Im Untergeschoss gab es sehr genaue Nachbildungen von Venen und Körperteilen. Ebenso gab da es Käfer, welche Vogelköpfe bis auf die Knochen zersetzten (zu Forschungszwecken). Nach diesem lehrreichen und interessanten Aufenthalt verliessen wir das Museum und gingen wieder zurück in die Nähe des Barfüsserplatzes.

Den restlichen Abend verbrachten wir in ein, zwei Bars und in einem Irish Pub. Ich denke, diese Erlebnisse brauchen keine weiteren Erläuterungen 😉

Samstag
Um 08.30 Uhr morgens trafen sich alle im UG des Hotel zum gemeinsamen Frühstück. Danach richteten wir unsere Betten etwas her und packten unsere Sachen zusammen. Weil unser Gepäck für den Ausflug in den Zoo nicht von Nöten war, deponierten wir es in der Lobby.

Der Zoobesuch
Um 09.40 Uhr sind wir dann zum Basler Zoo gegangen. Im Zoo wurden wir von einem Zooführer durch den Zoo begleitet und er hat uns allerlei interessante Dinge erzählt. Als erstes führte er uns hinter die Kulissen des Aquariums. Im Hintergrund wurden Quallen gezüchtet, aber auch einen Oktopus gehalten. Im Untergrund wurden Korallen gezüchtet, welche auch Forschungszwecken dienten. Im Anschluss führte uns der nette Herr neben vielen Tieren vorbei, bis wir beim neu errichteten Elefantenareal waren. Neben den Nil-Krokodilen konnten wir am Ende auch noch die Affen im Affenhaus bestaunen.

Auch diesem Herren dankten wir für den sehr interessanten Rundgang durch den Zoo.
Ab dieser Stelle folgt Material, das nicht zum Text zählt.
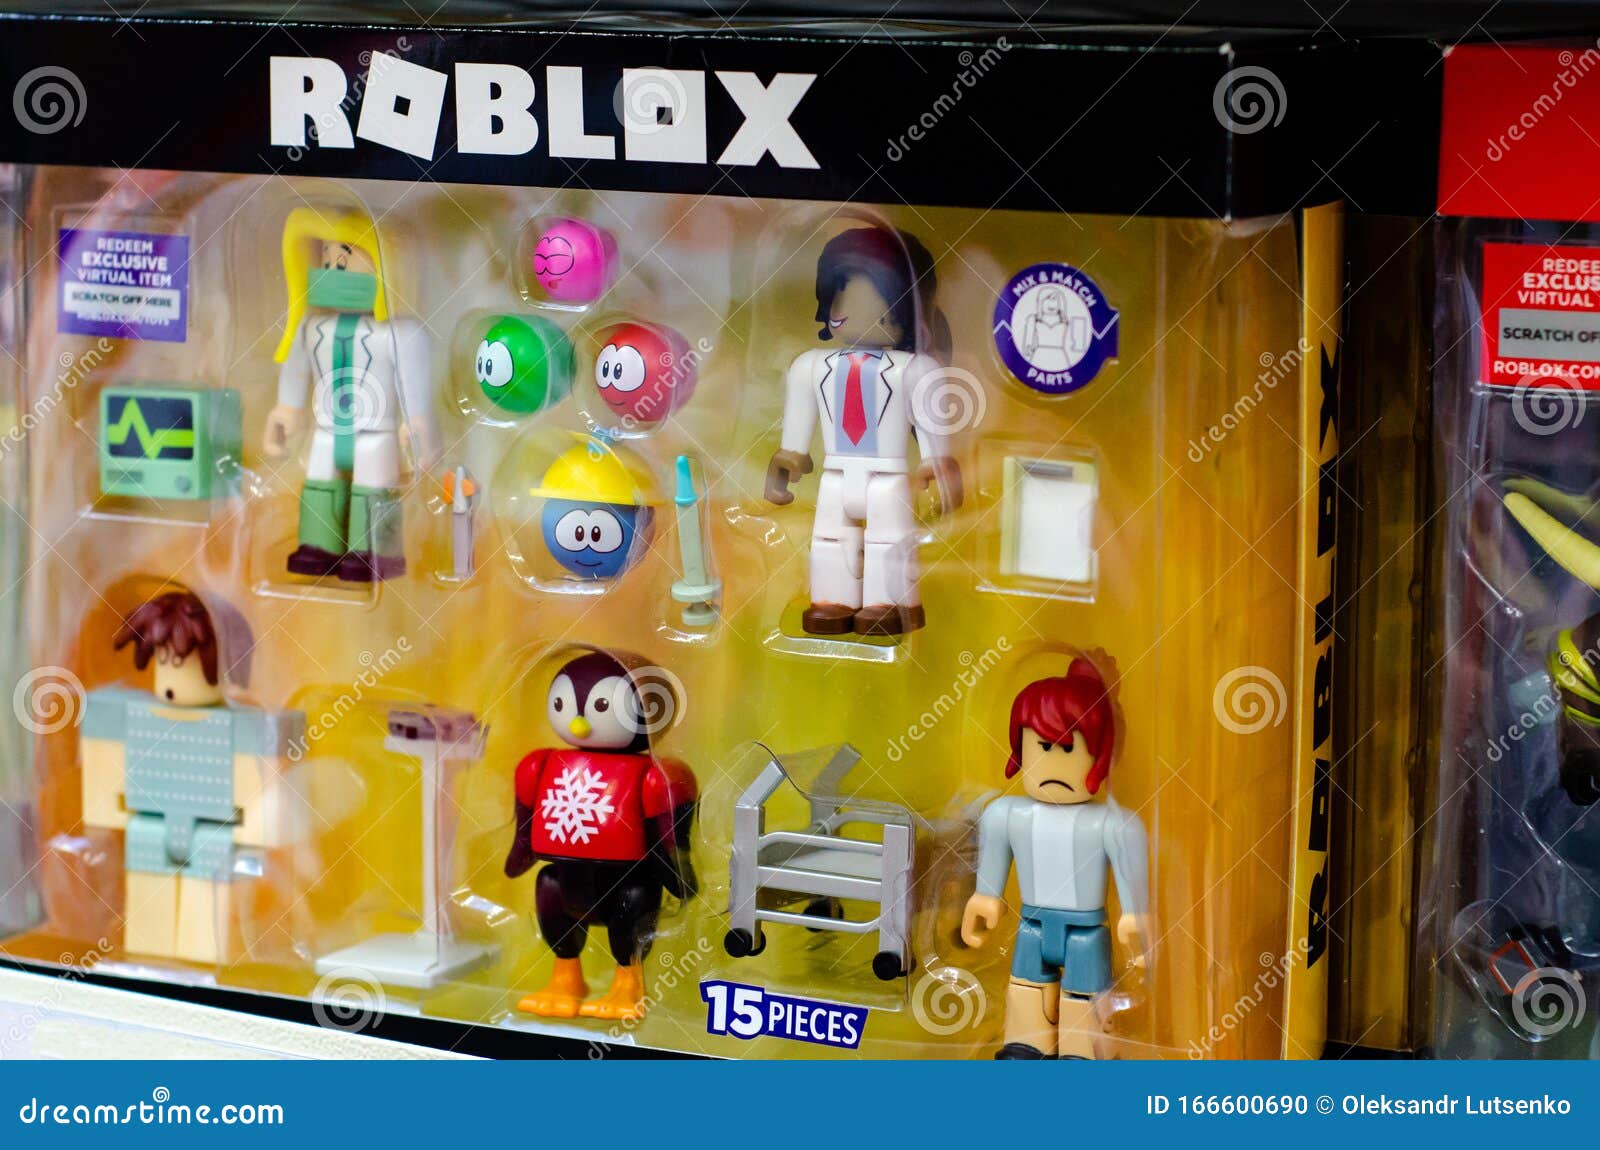 Roblox AUT sans, 興趣及遊戲, 玩具& 遊戲類- Carousell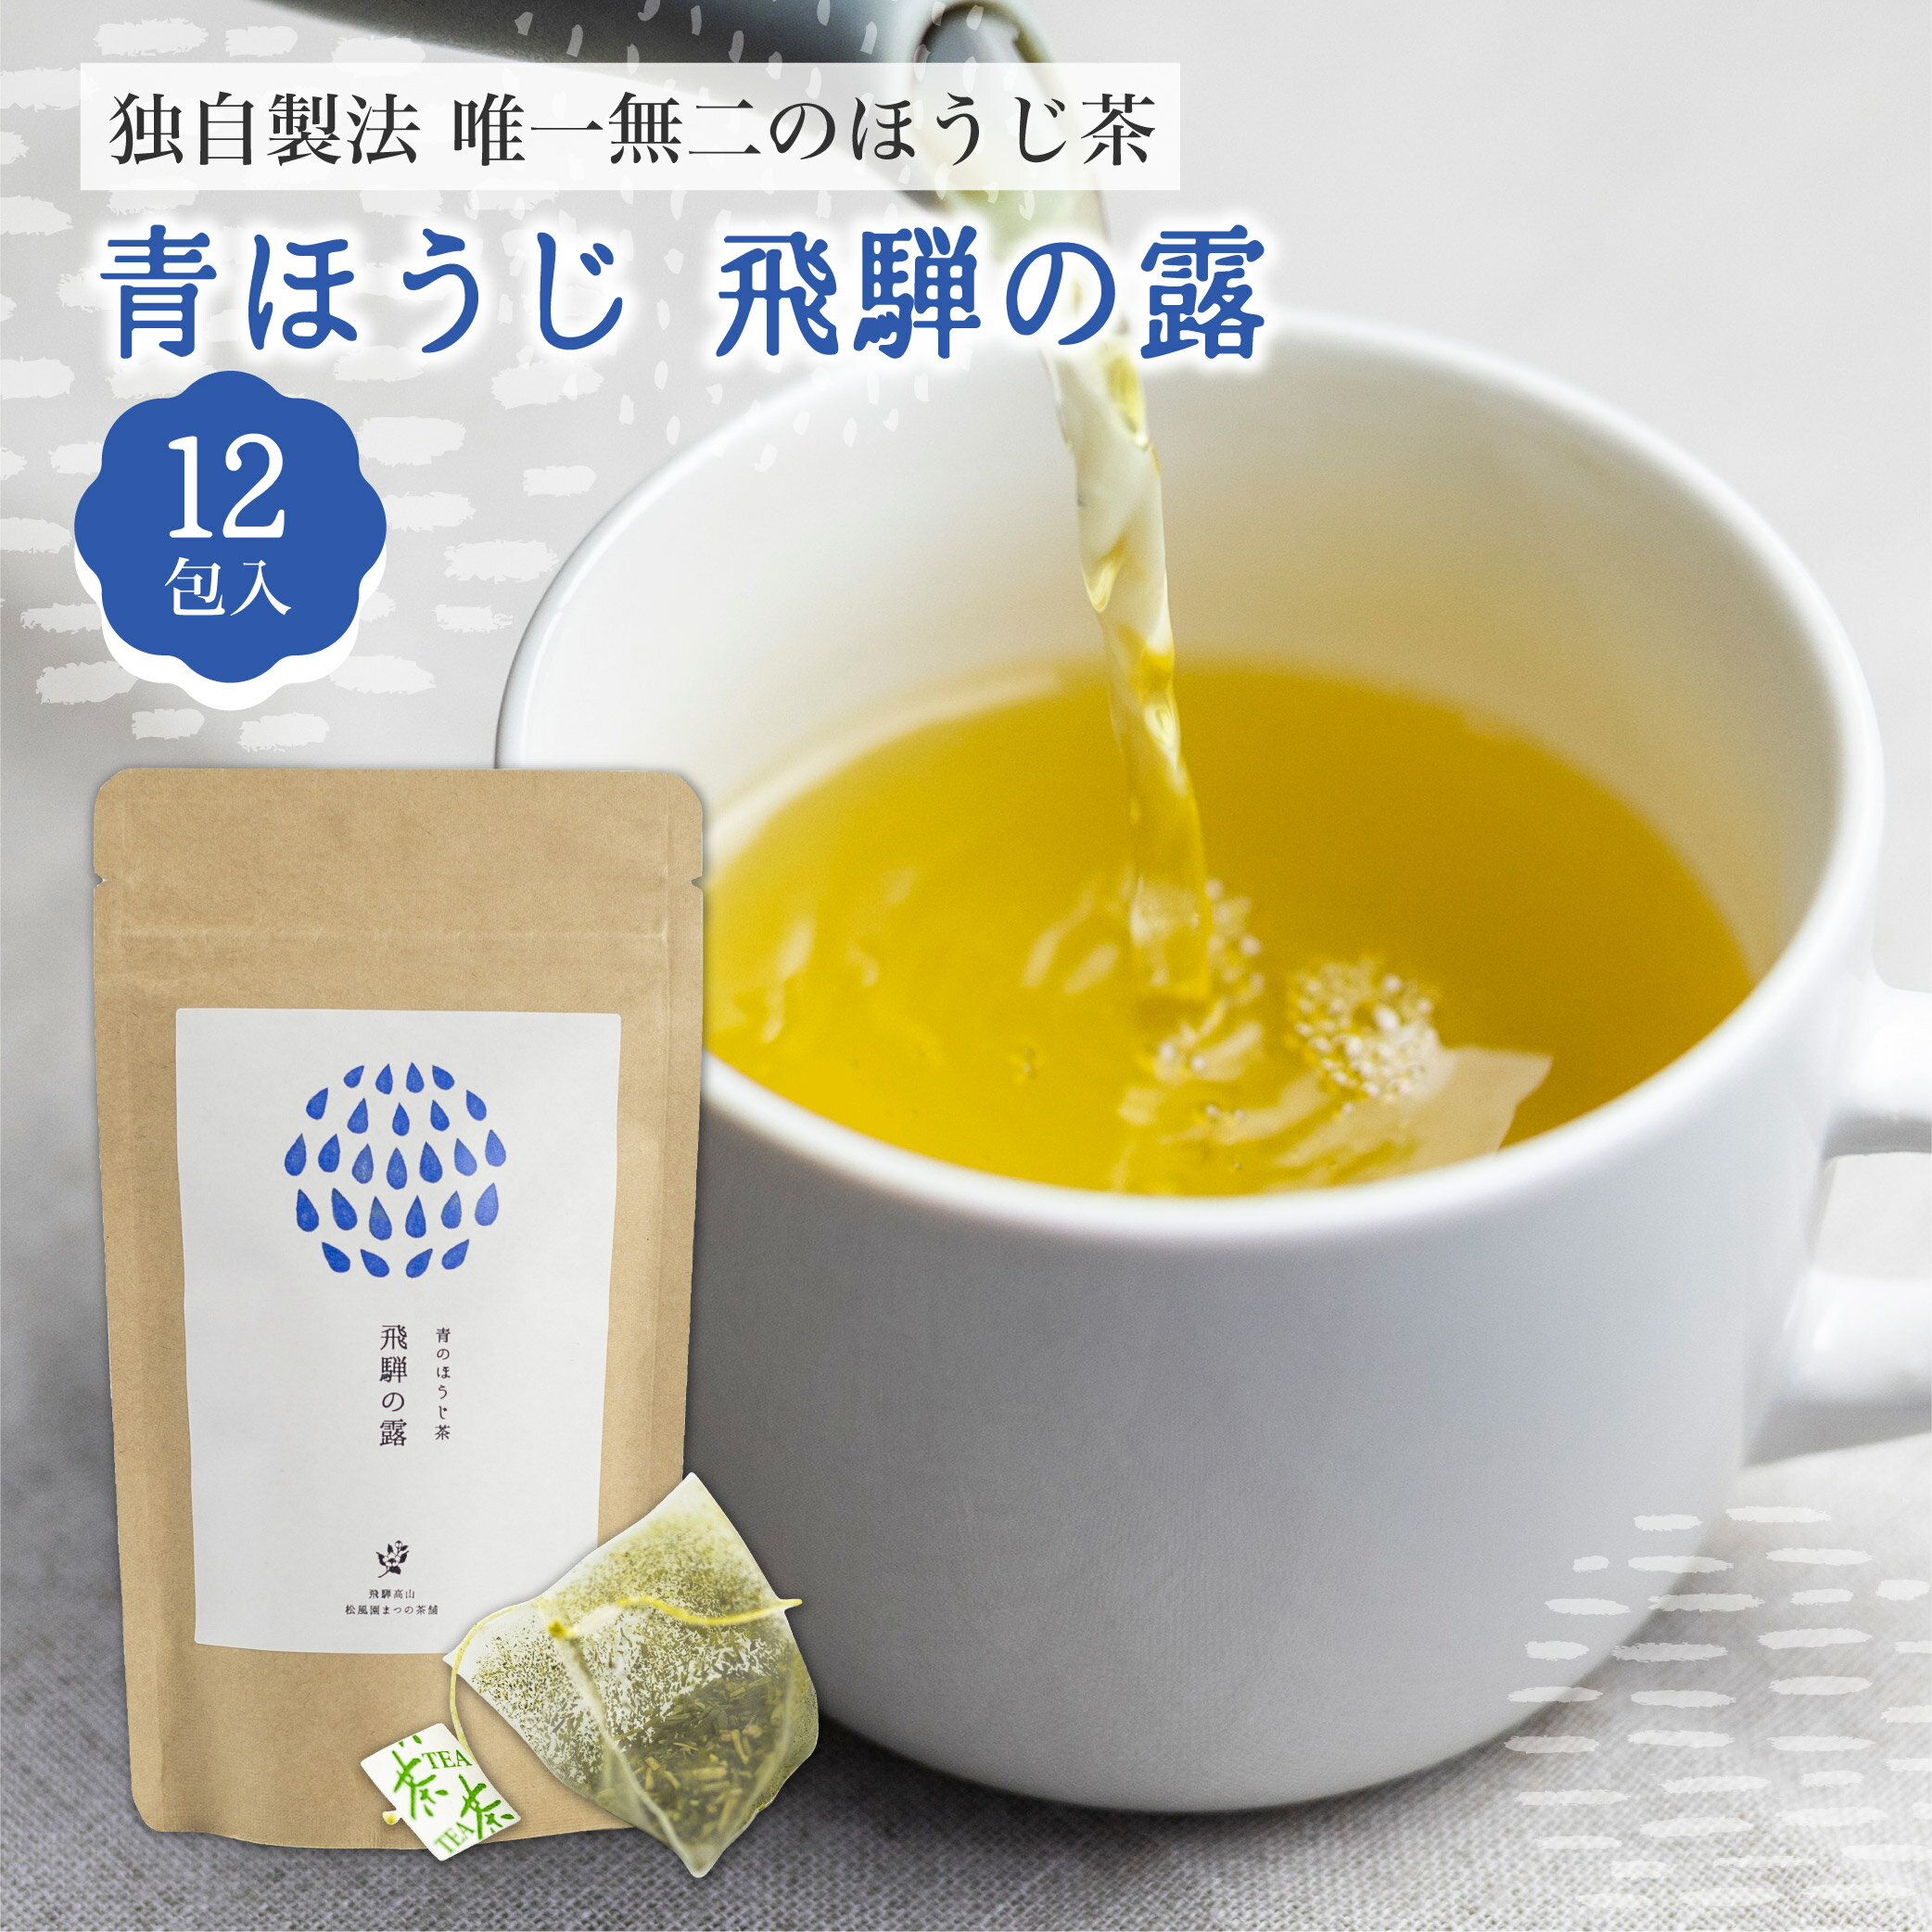 「ほうじ茶の新たな味わいを」 まつの茶舗独自製法で仕上げる、唯一無二のほうじ茶「青ほうじ 飛騨の露」 青ほうじ茶とは、その年に茶葉を積み始める時期の一番最初に摘まれ、旨味が多い一番茶のみを使用し、独自の青焙じ手法にて仕上げたお茶です。 通常緑茶として飲まれる茶葉をほうじ茶へ加工した、日本でもなかなか味わえないほうじ茶。 緑茶の風味を感じつつ、ほうじ茶として飲みやすく、茶葉の旨味を感じる味わいになっております。 味も香りも見た目もこのほうじ茶ならではです。 お茶の淹れ方は簡単です。 マグカップにティーバッグを入れて、お湯を注ぎます。 お好みの濃さにしていただき、お飲みください。 一つのティーバッグで2杯までお楽しみいただけます。 茶葉はお茶の産地としても有名な、美濃揖斐茶の一番茶を使用しており、青ほうじ茶に合うように契約農家が生産しております。 また本格的な味わいのお茶を気軽に楽しんでいただけるように、 ティーバッグにして、収納しやすく持ち運びに便利なサイズのパッケージにしております。 オフィスでちょっとひと休みしたい時に、お使いいただけます。 製造するのは、お茶を販売し80年以上のまつの茶舗。 味と香りのよい茶葉だけを厳選吟味し、オリジナルブレンドを提供しています。 青ほうじ茶は独自技術によって、50年以上守り続けている味です。 商品説明文 名称 まつの茶舗 青ほうじ茶 飛騨の露 商品詳細 青ほうじ茶とは、その年に茶葉を積み始める時期の一番最初に摘まれ、旨味が多い一番茶のみを使用し、独自の青焙じ手法にて仕上げたお茶です。 通常緑茶として飲まれる茶葉をほうじ茶へ加工した、日本でもなかなか味わえないほうじ茶。 緑茶の風味を感じつつ、ほうじ茶として飲みやすく、茶葉の旨味を感じる味わいになっております。 味も香りも見た目もこのほうじ茶ならではです。 内容量 ほうじ茶 ティーバッグ 3g×12包入り 原材料 緑茶 賞味期限 約60日 配送方法 常温にてお届け致します。

Danach holten wir unser Gepäck in der Hotel-Lobby ab, kauften am Bahnhof noch etwas zum Mittagessen und traten die Heimreise an.

Schlusswort
Anfangs war ich nicht gerade begeistert von einer Museumsnacht, weil ich bisher nicht wirklich viel in Museen gewesen bin. Doch diese Exkursion weckte bei mir die Neugier auf Kunst. Ebenso denke ich, dass ich solch eine Museumsnacht wiederholen werde. Die Stadt- und die Zooführung haben mir auch extrem zugesagt, sodass ich auch den beiden Experten sehr aufmerksam zuhören konnte. Am Ende möchte ich mich bei Herrn Frei und Herrn Muggli für die Organisation bedanken sowie bei der Schule, dass wir solch einen Ausflug machen konnten.